The ability of the extract to inhibit leukocyte recruitment to the peritoneal cavity after carrageenan injection was investigated as described previously [31]. Briefly, Swiss albino mice (average weight 25–30 g, n = 5–6/group), were treated with the vehicle (1 mL/100 g, p.o.) as a control group, or the extract in two different doses (200 and 400 mg/kg, p.o.), or the standard compound diclofenac (20 mg/kg, p.o.). 30 min later, 0.1 mL carrageenan solution (500 μg/mice) or 0.1 mL sterile saline was injected intraperitoneally. The animals were euthanized after 3  h, and the peritoneal cavity was rinsed using 3 mL of phosphate-buffered saline (PBS) containing 1 mM (EDTA).
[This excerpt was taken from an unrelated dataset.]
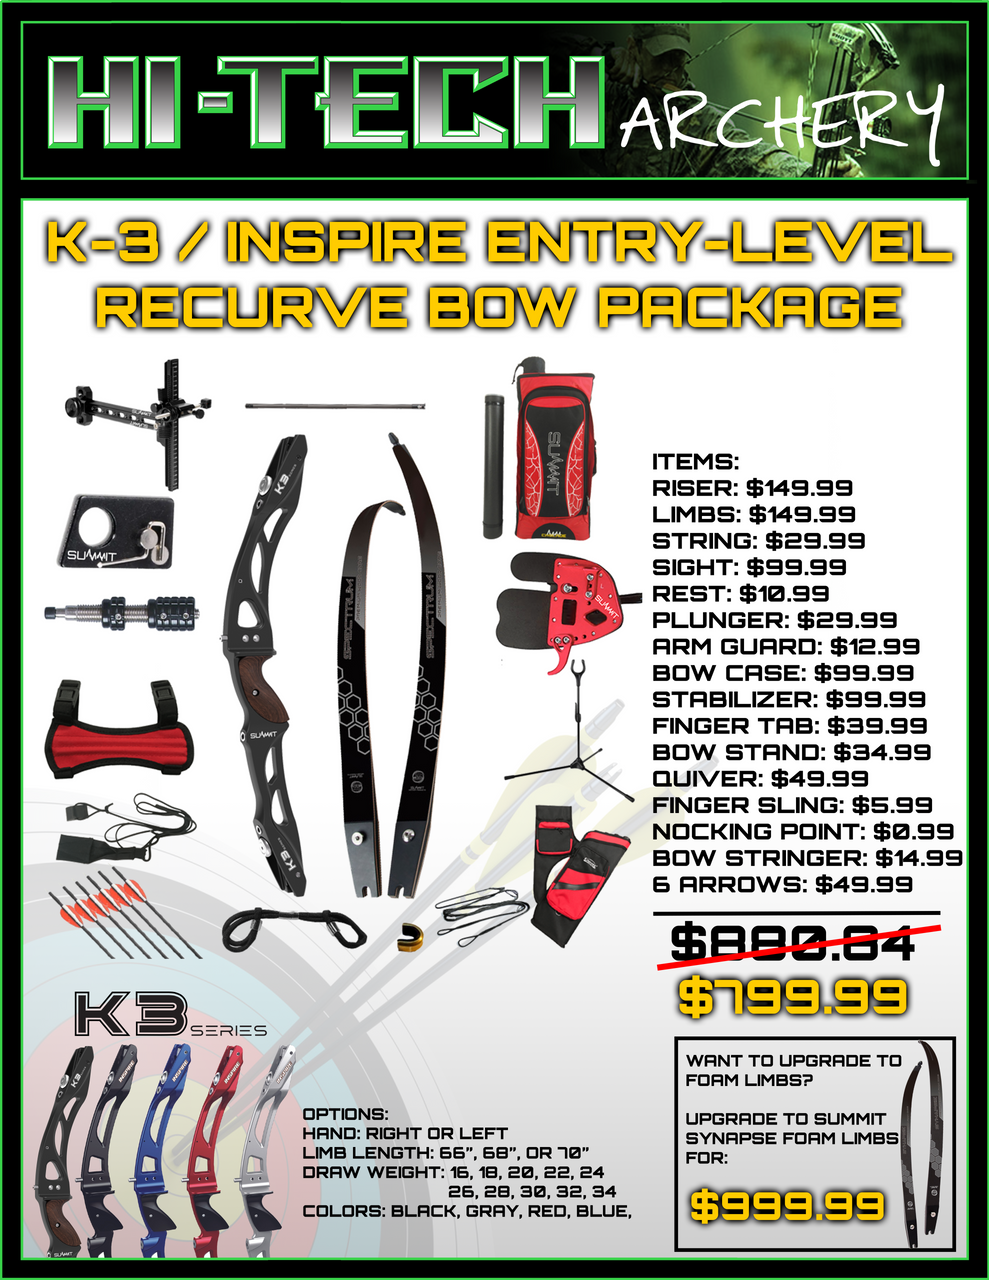 Summit K3 Entry Level Recurve Bow Package

The total leukocyte count was determined in the peritoneal cavity wash using a hemocytometer, and expressed as number of cells/mL.

4.5.3. Acetic Acid-Induced Vascular Permeability in Mice

The acetic acid-induced vascular permeability test was performed as previously described [32]. Briefly, mice were treated with the extract (200 and 400 mg/kg, p.o.), diclofenac (20 mg/kg), or vehicle. 1 h later, the tail vein was injected with 0.2 mL Evans blue (0.25% solution in normal saline). After 30 min, acetic acid (0.6% in normal saline, 1 mL/100 g) was injected in the peritoneal cavity of the mice. Another group of mice was injected with normal saline only, and served as a control. After another 30 min, the mice were sacrificed by cervical dislocation. The abdominal cavities were washed with 3 mL saline, and the washings were then centrifuged at 3000 rpm for 10 min. The vascular permeability is proportional to Evans blue dye content of the supernatant that was detected at 610 nm using a plate reader (BioTeK, Vt, USA).
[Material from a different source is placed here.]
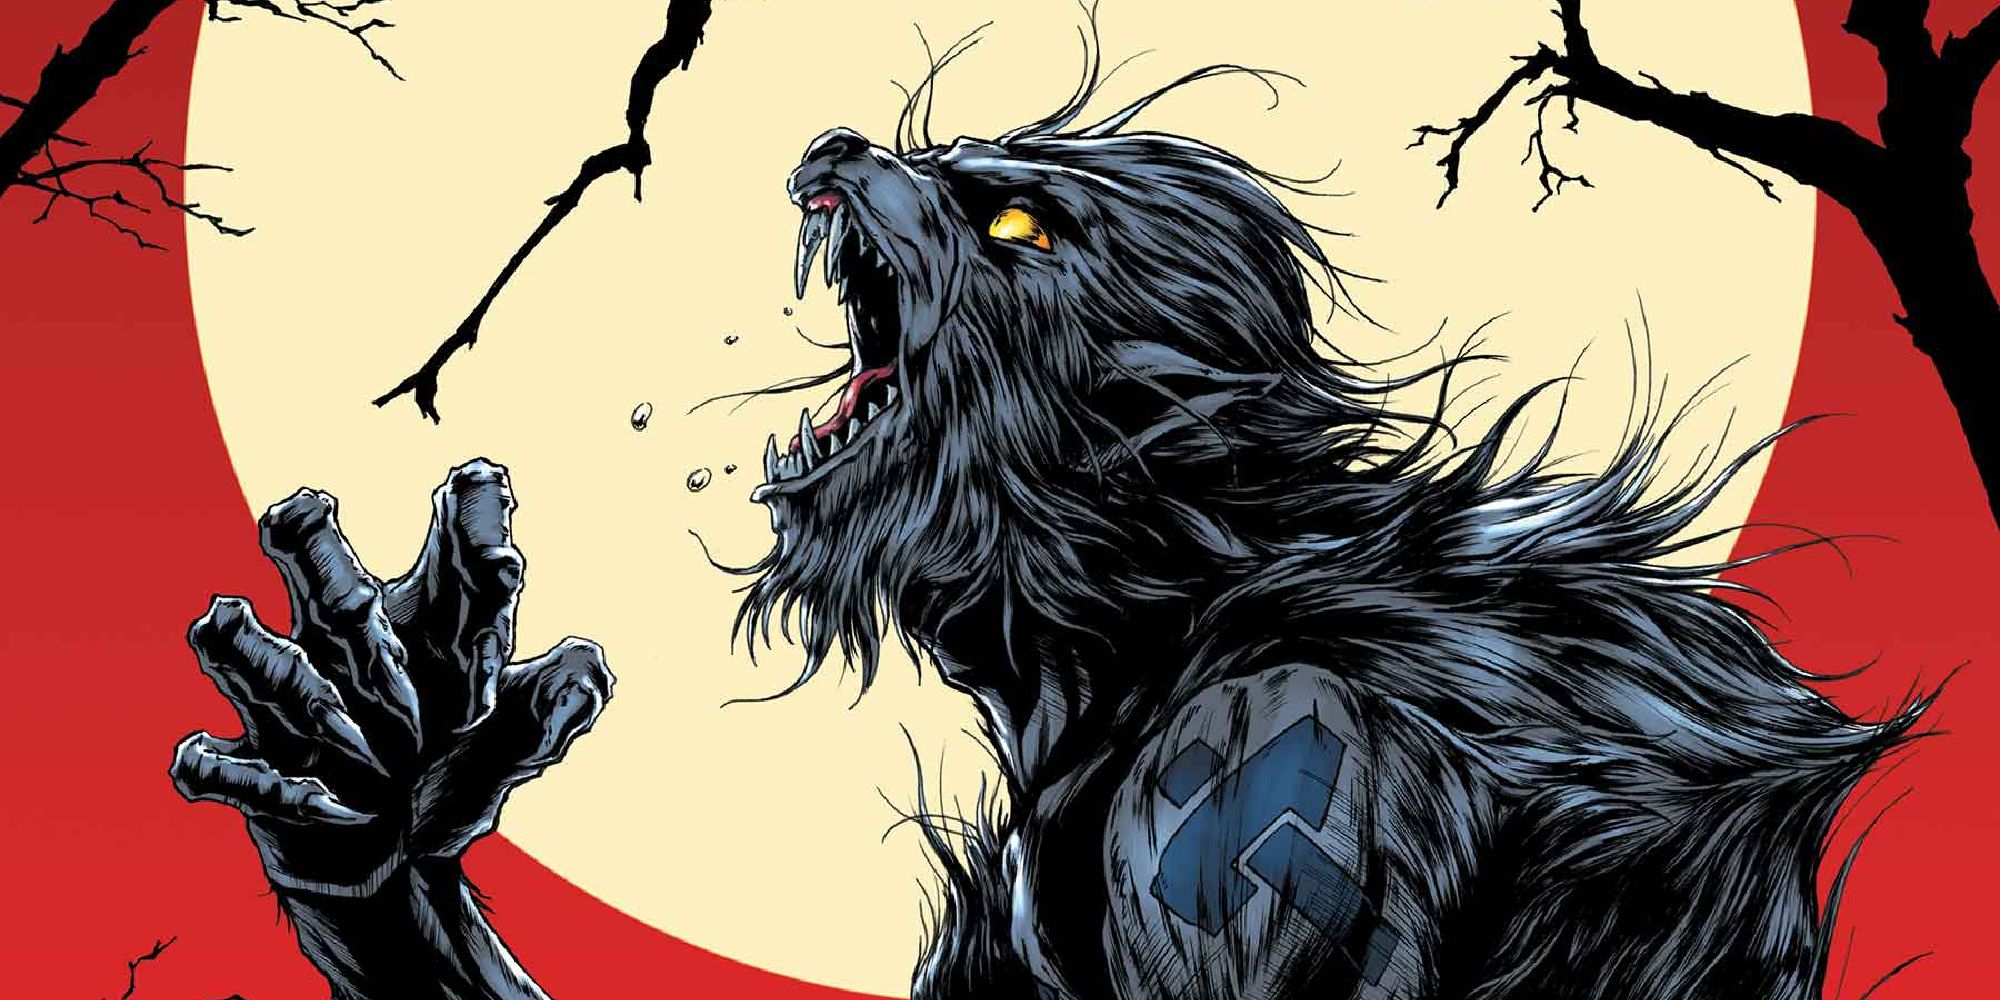 Werewolf By Night from a comic cover recently

4.5.4. Anti-Nociceptive Activity by Hot Plate Test in Mice

Swiss albino mice weighing 25–30 g (n = 5–6/group) received the extract (200 mg/kg, p.o.), the vehicle (10 mL/kg, p.o.), or the reference compound nalbuphine (10 mg/kg, i.p.). After 1 h, the mice response to heat-induced nociceptive pain was assessed individually by placing on a hot plate heated at 55 ± 1 °C. The latency until mice showed first signs of discomfort (licking of the fore and hind paws, hind paw lifting, or jumping) was recorded, before (baseline) and at 1, 2, 3 and 4 h following different treatments.
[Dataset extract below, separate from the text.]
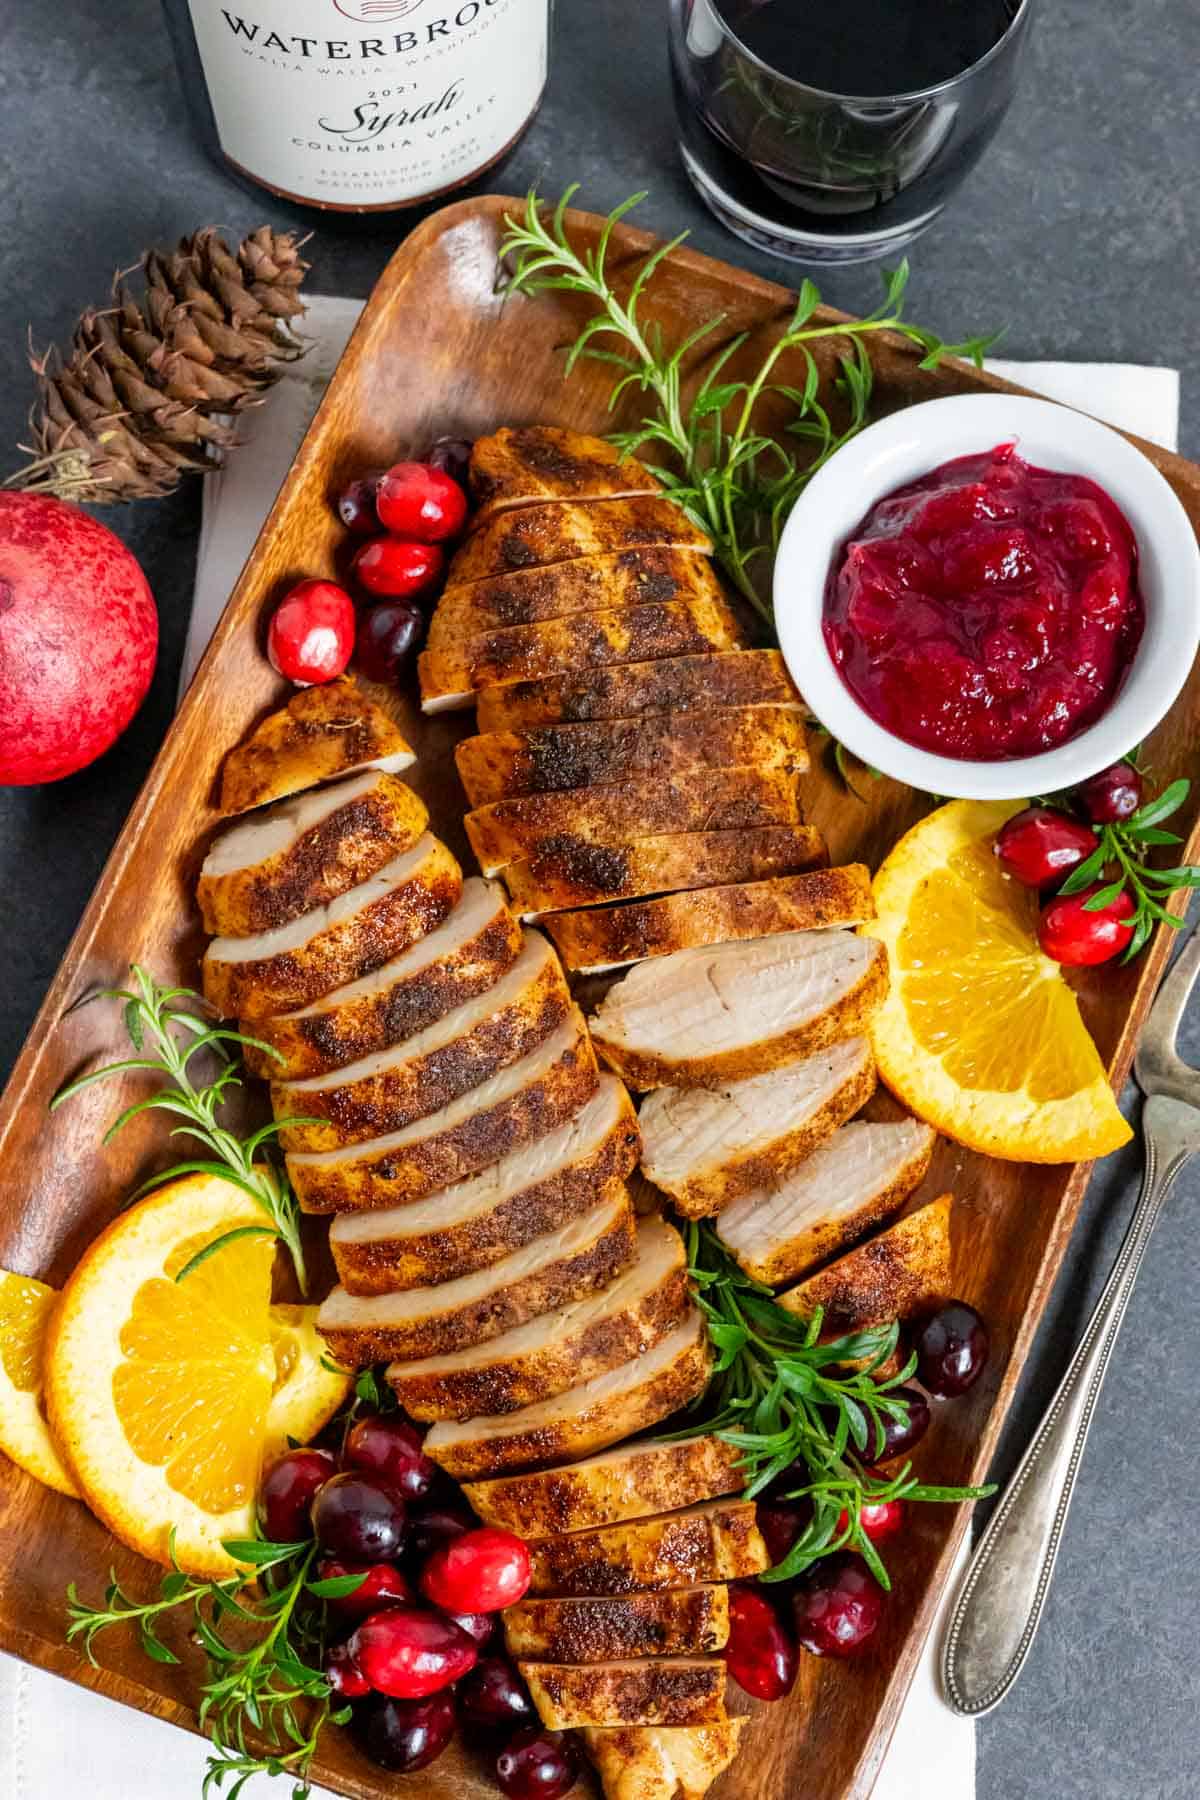 How to Make a Perfect, Juicy Air Fryer Turkey Breast

4.5.5. Induction of Pyrexia in Mice Using Brewer’s Yeast

Pyrexia was induced in mice as described previously, with modifications [22]. Briefly, initial body temperature of the rectum was recorded for each mouse using a lubricated digital thermometer. Next, Brewer’s yeast suspension was prepared in normal saline (30%), and then the yeast suspension (1 mL/100 g) was injected subcutaneously behind the neck. 18 h later, the rectal temperature was recorded again (T0), and mice that showed a temperature higher than T0 by at least 0.5 °C were included in the study. Pyretic animals were then treated with the extract, paracetamol (150 mg/kg) or vehicle. The rectal temperature was recorded again at 30 min, 1, 2, 3 and 24 h posttreatment.

4.5.6. Anti-Nociceptive Activity by Acetic Acid-Induced Abdominal Writhing in Mice

The acetic acid-induced writhing model is commonly used to assess the peripheral anti-nociceptive activity of the drug under investigation [33]. Swiss albino mice weighing 25–30 g were divided into 3 groups (6–8 mice) and pretreated with the vehicle (1% Tween 80,10 mL/kg), the extract (200 mg/kg, p.o.), or diclofenac (20 mg/kg) for 1 h, followed by 0.7% acetic acid injection (1 mL/100 g, i.p.). The number of writhes (constriction of abdomen, turning of trunk and extension of hind legs) was recorded for 25 min.

4.6. Data Analysis

Data were analyzed using statistical software Graph Pad Prism version 5 (GraphPad Software, San Diego, CA, USA.). Analysis of Variance (ANOVA) or repeated-measures analysis of variance (RM-ANOVA), after which by Tukey’s post hoc test and Student’s t-test were used to state differences between groups. Data are expressed as mean ±  S.E.M.